Thursday, December 7, 2017

Cavite women workers go on strike

The women workers of an electronics factory in Cavite walked off their jobs this afternoon as a make-or-break meeting between management and the union ended without an agreement. The workers of Lakepower Converter Inc., located at the Cavite Economic Zone, declared a strike due to union busting and unfair labor practices of the company.

“We tried for more than a week to resolve the issues of illegal termination and suspension of unionists and other discriminatory acts against workers but management was not willing to settle the grievances in good faith. Thus we have no choice but to go on strike,” declared Mercy Tanginan, president of the Samahan ng Manggagawa sa Lakepower Converter Inc.

She explained that “We demand a permanent stop to the harassment and discrimination of unionists. The pending termination of six unionists and suspension of other officers and members must be totally scrapped. Workers’ grievances must be settled.”

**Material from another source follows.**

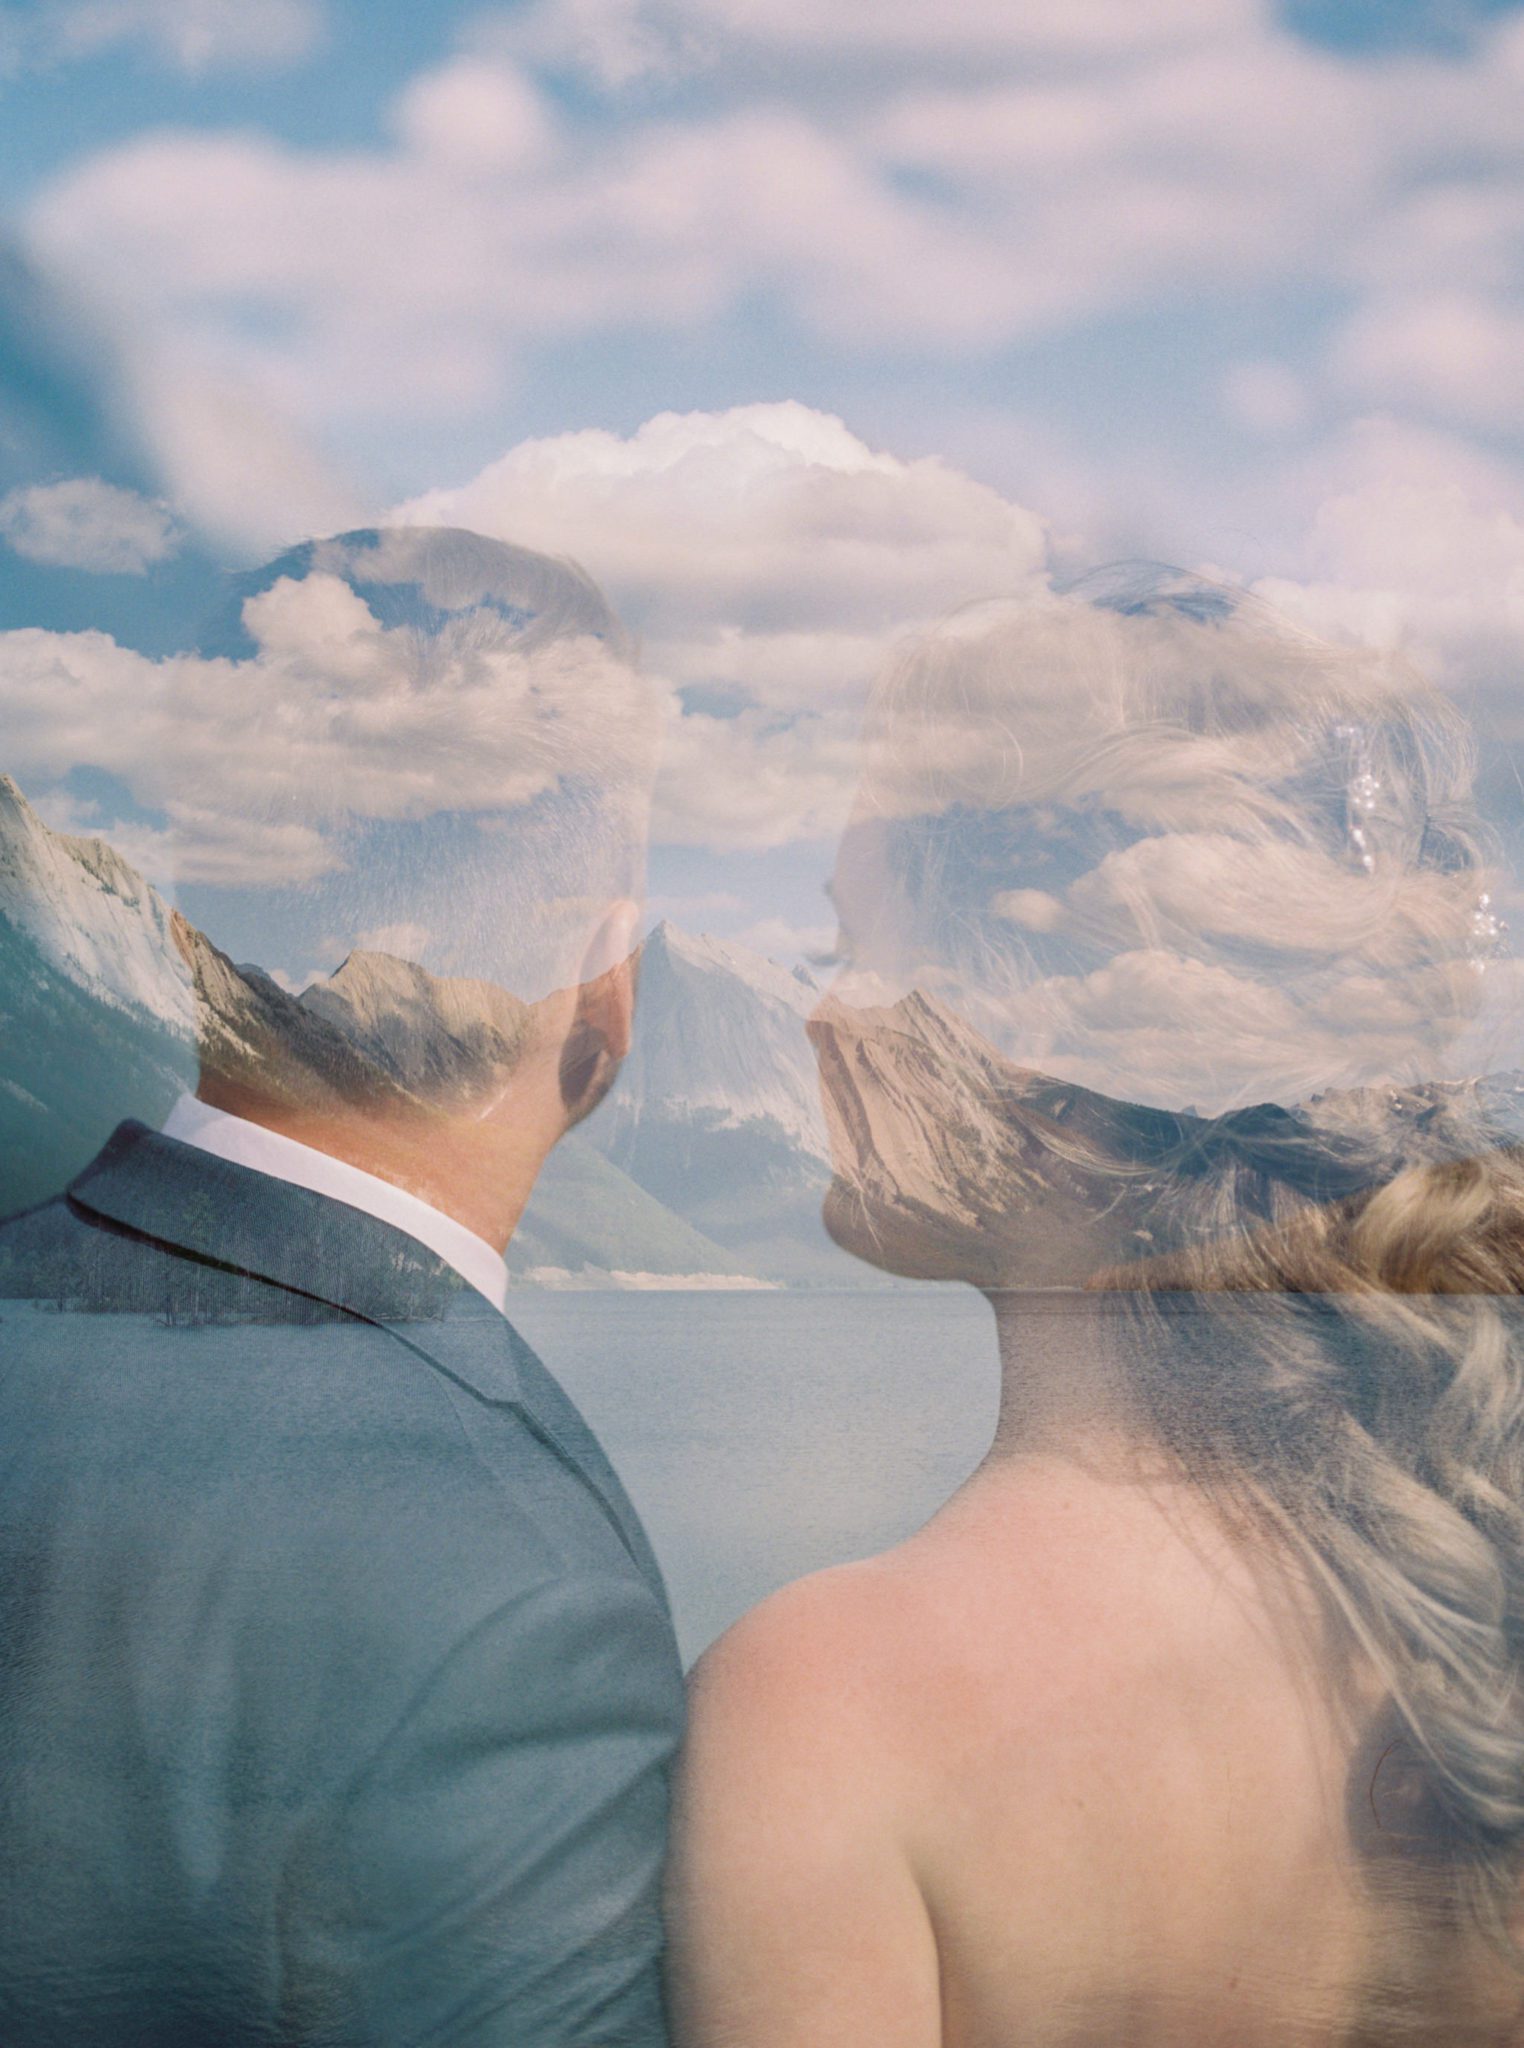 Double exposure wedding photography inspiration with bride and groom

Dennis Sequena, a Cavite coordinator of the militant Partido Manggagawa (PM), which is assisting the Lakepower workers, averred that “PM chapters and Cavite ecozone unions will give 100% support to the Lakepower workers. Ang laban ng isa ay laban ng lahat.”

Unrest has festered at Lakepower for the last few months. Among workers grievances is the removal of the door of the women’s restroom so that the company can spy on workers. Almost all of the 200 workers in the factory are women. They are also outraged at the unreasonable limits on the use of the restroom which has led to cases of workers suffering from urinary tract infection. Workers are also complaining of excessive quota and the exclusion of unionists from receiving Christmas packages.

Last November 16, the Lakepower workers held a protest at the Cavite ecozone against company abuses. The protest was the third such picket over the last month at the country’s biggest export processing zone. Earlier, garments workers held protest actions against “factory shutdown-cum-union busting.” After two protests and a strike threat, the union leaders at the Korean-owned garments factory Sein Together Phils. Inc. were eventually accepted back to work.

“Workers are unionizing to improve their working conditions but are being met by extreme interference from capitalists unwilling to share the fruits of production,” asserted Rene Magtubo, PM national chair.